Restate exactly the lines below, from the one containing "Karlovy Vary - Spa" through the final line, and leave out the pictures.

*** Opening DATA BLOCK ***

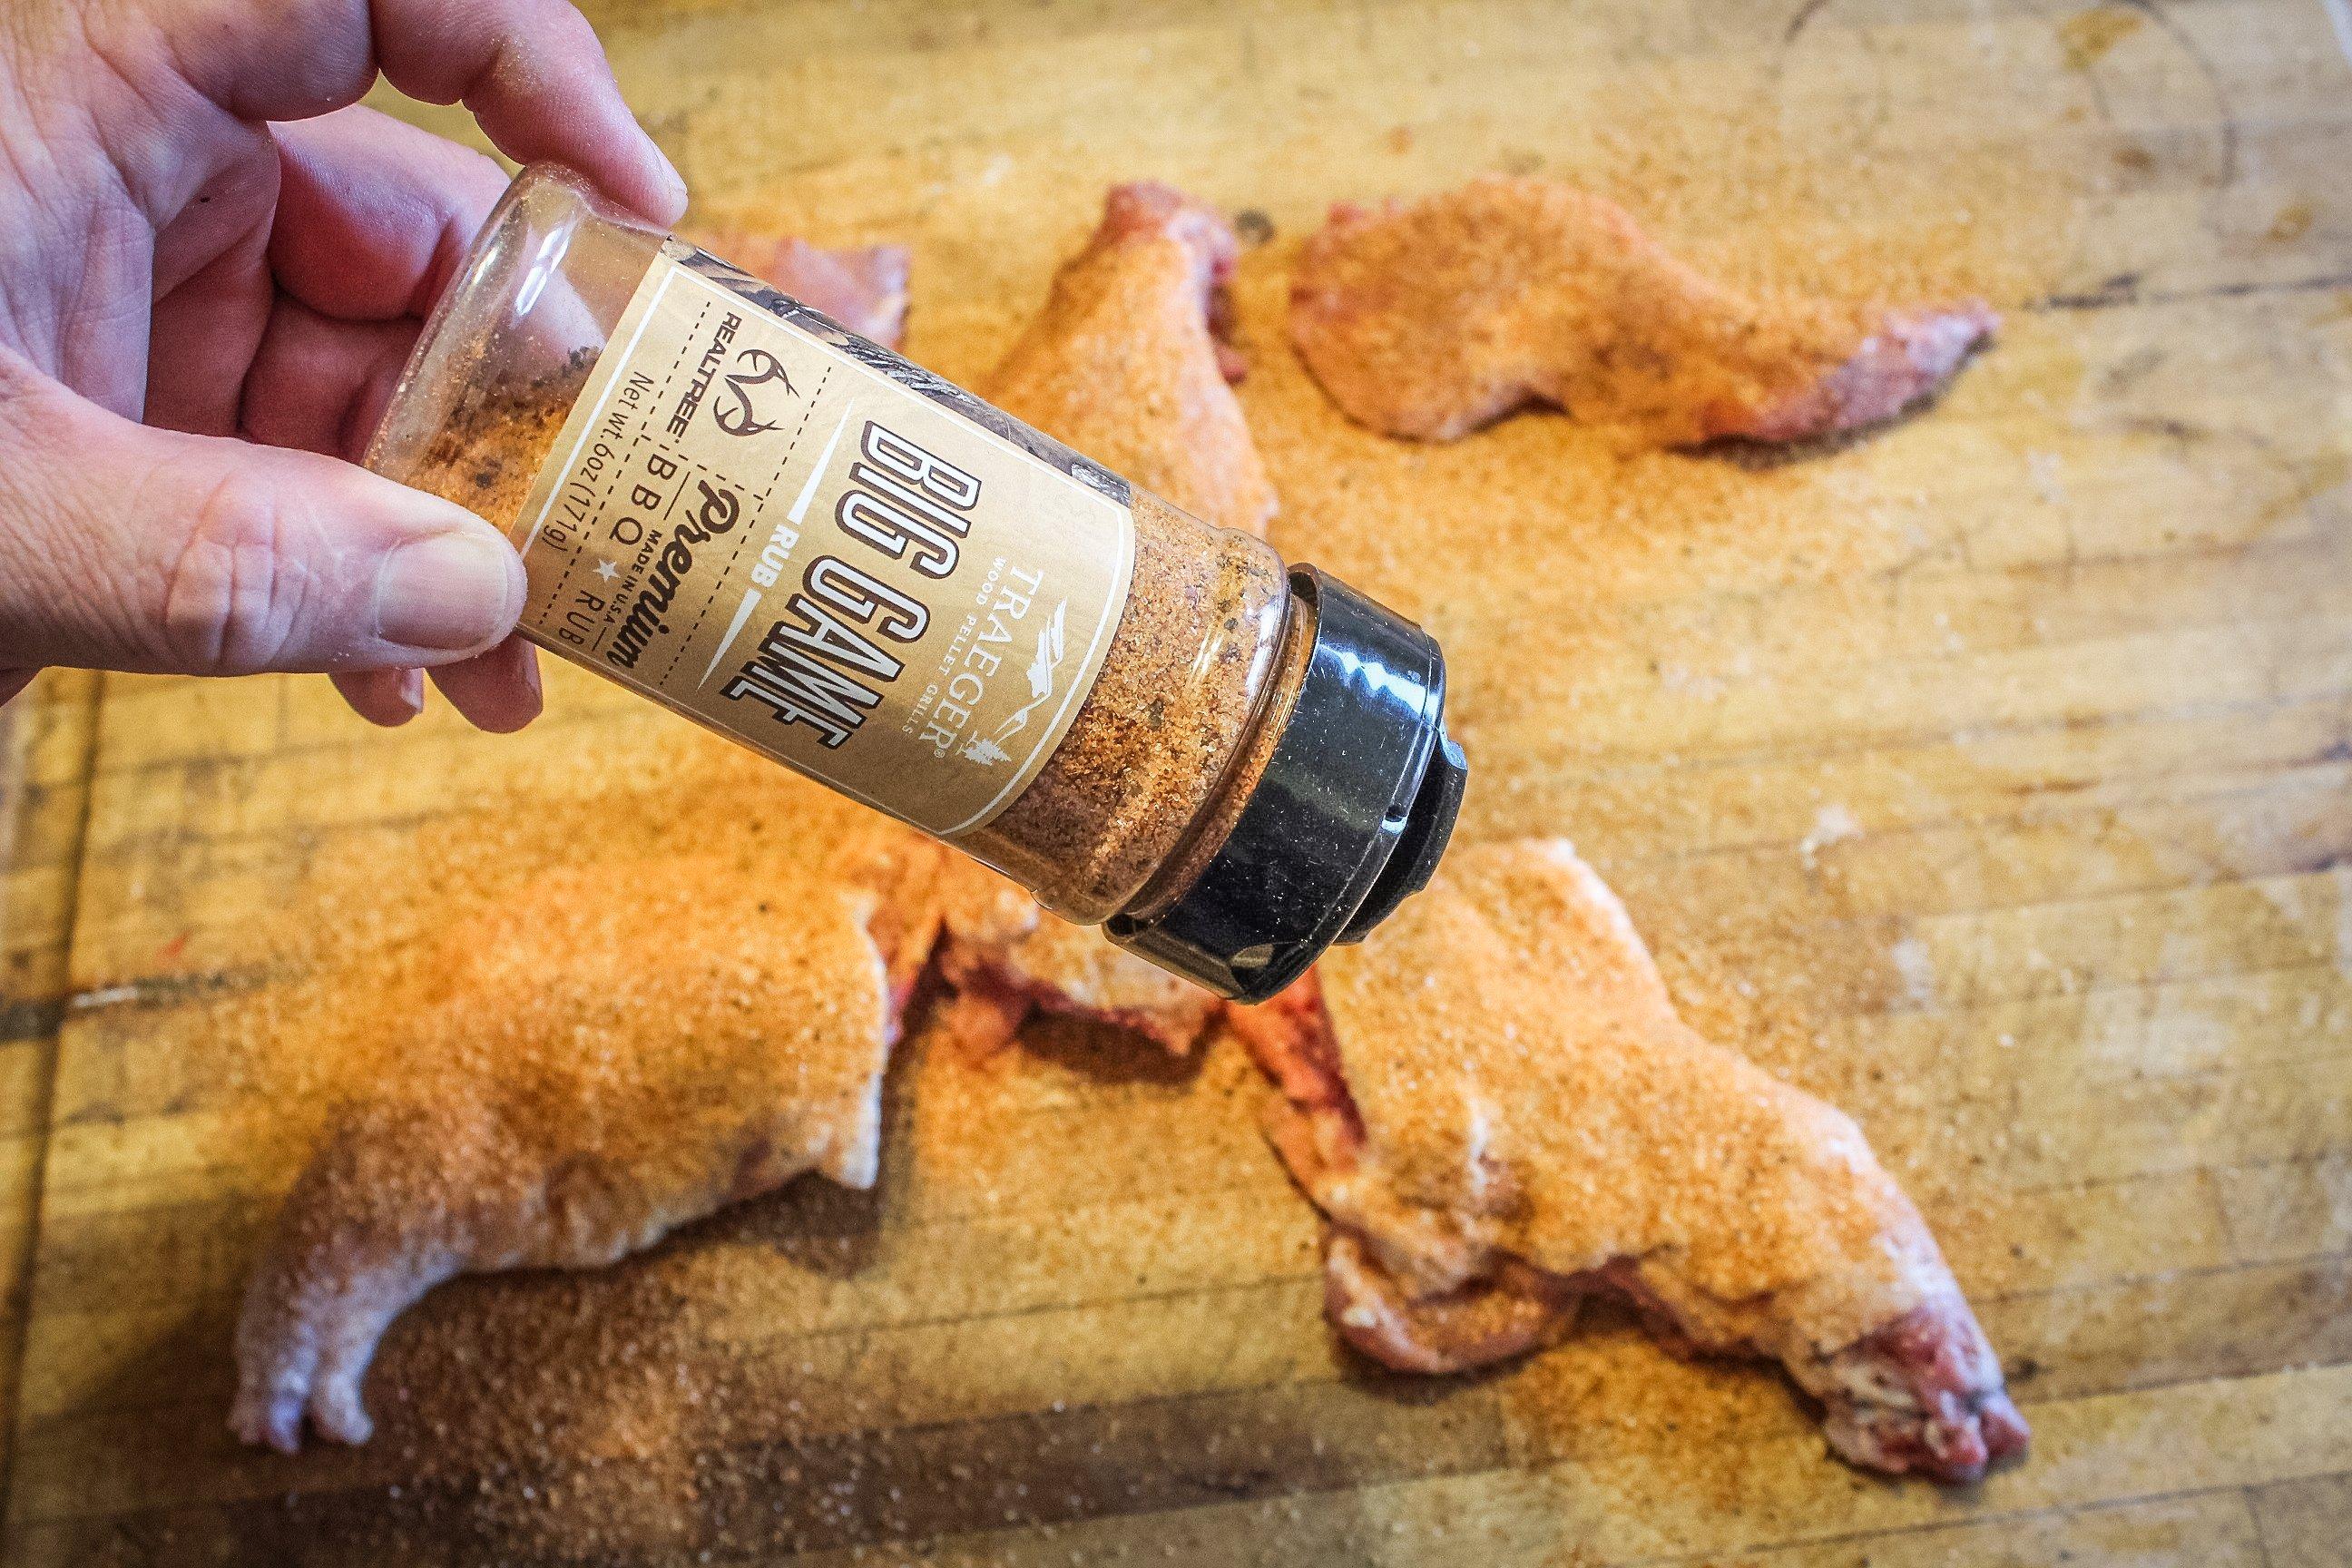 Sprinkle your favorite BBQ rub over the surface of the meat.
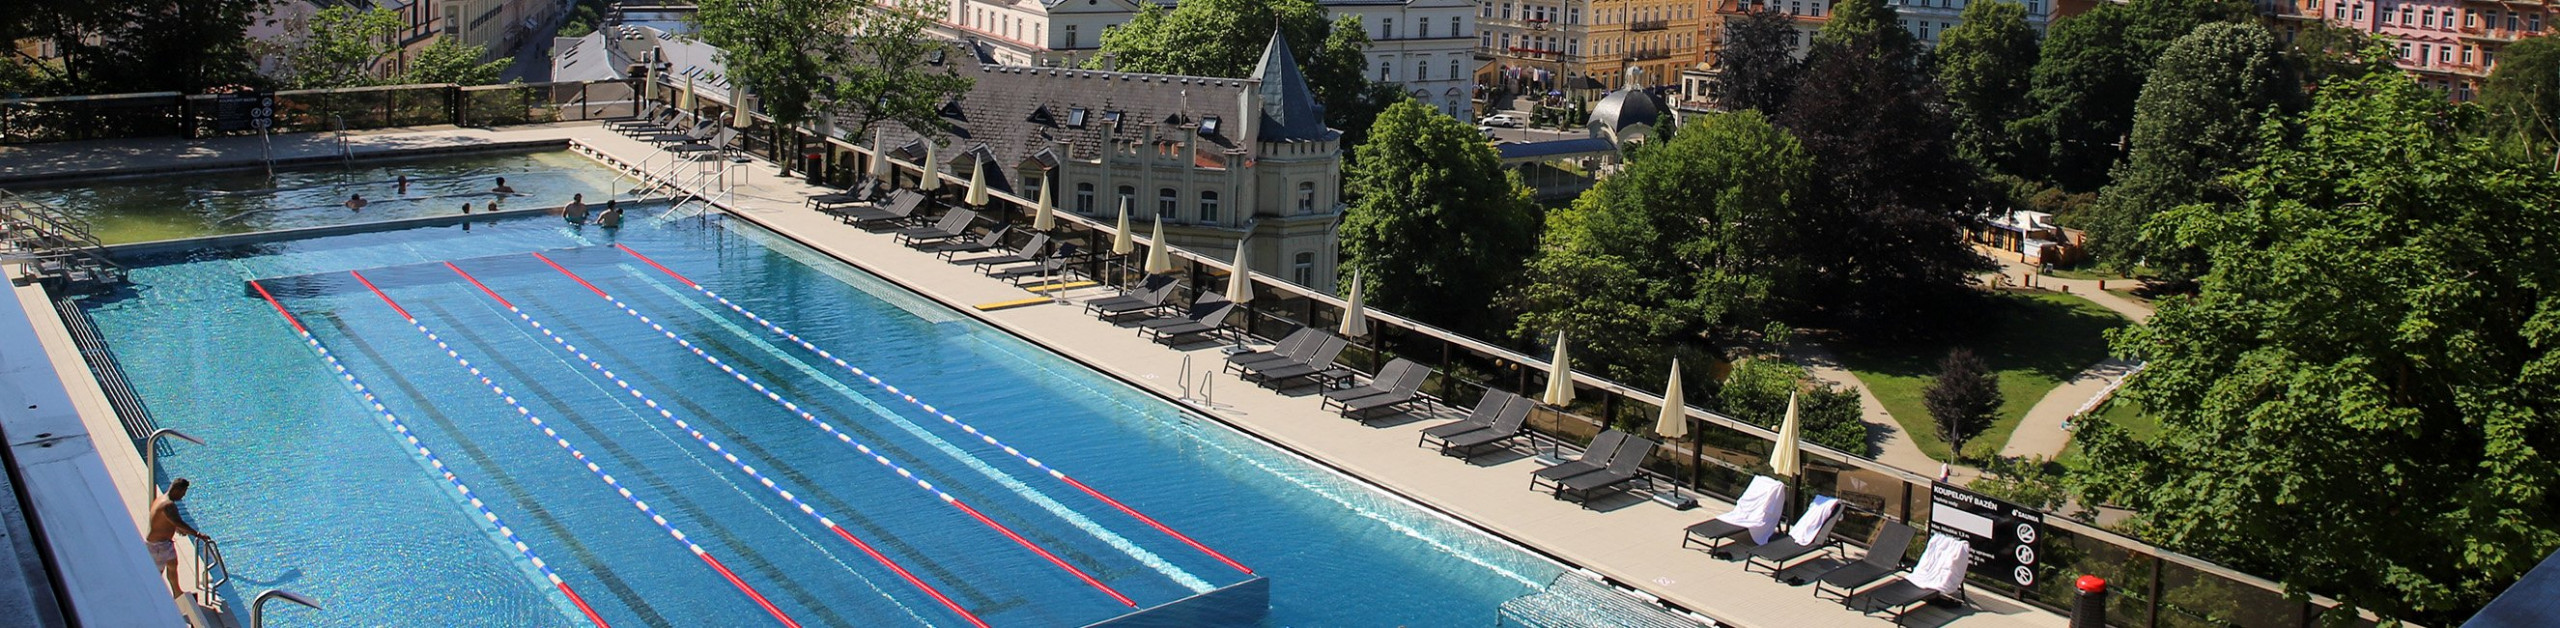 Karlovy Vary - Spa Hotel Thermal banner picture
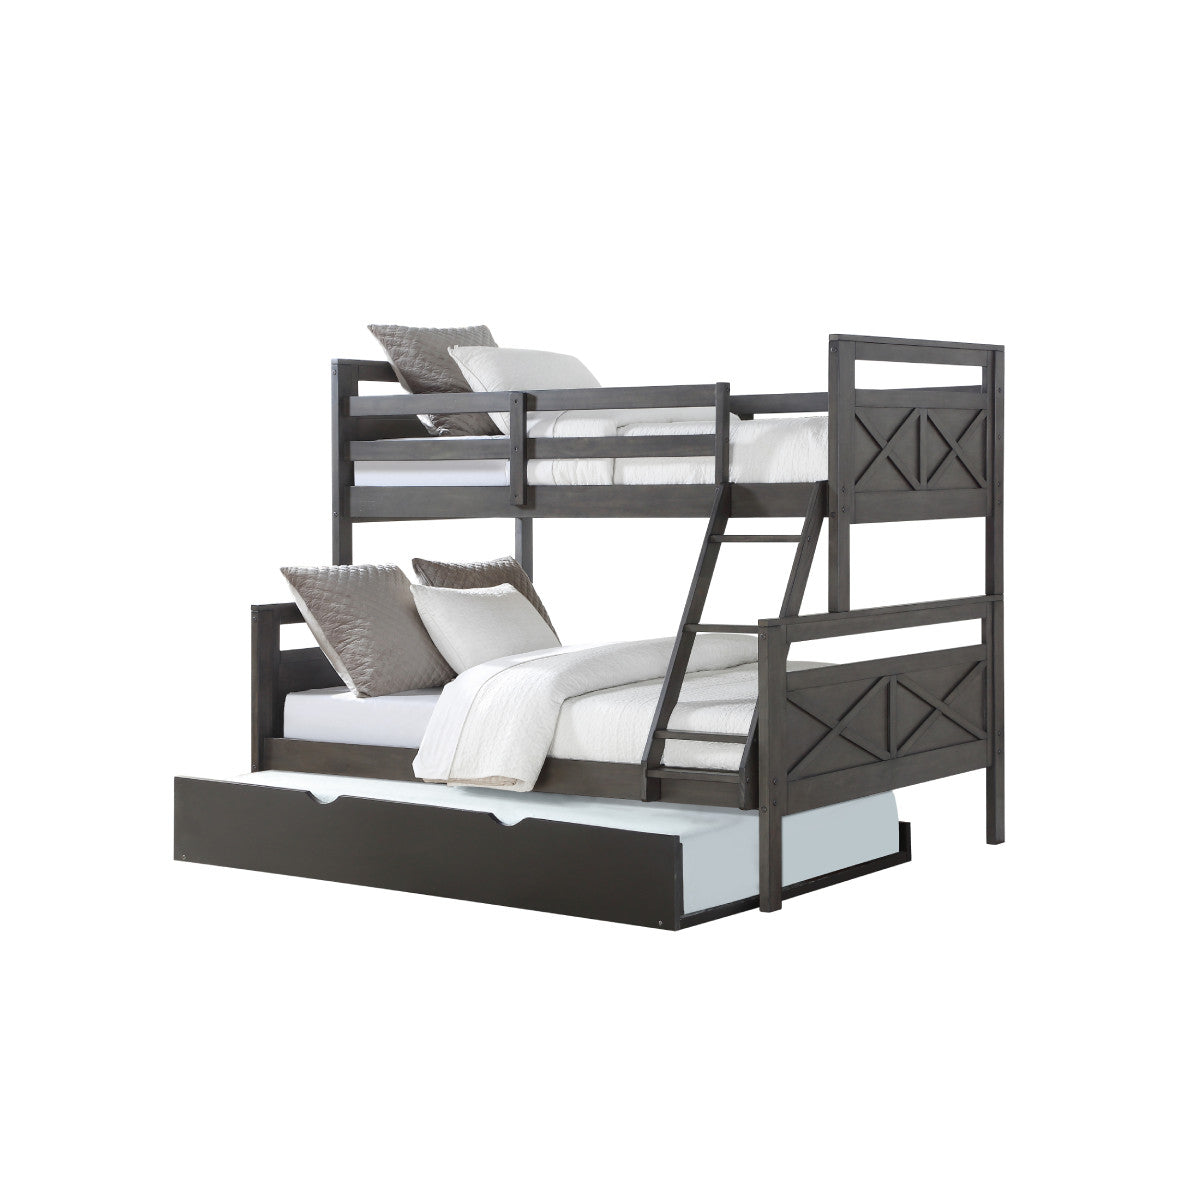 TWIN/FULL BUNK BED RUSTIC GREY FINISH WITH TWIN TRUNDLE BED IN LOW SHEEN BLACK FINISH

*** Closing DATA BLOCK ***

### TASK ANSWER
 Karlovy Vary - Spa Hotel Thermal banner picture
 TWIN/FULL BUNK BED RUSTIC GREY FINISH WITH TWIN TRUNDLE BED IN LOW SHEEN BLACK FINISH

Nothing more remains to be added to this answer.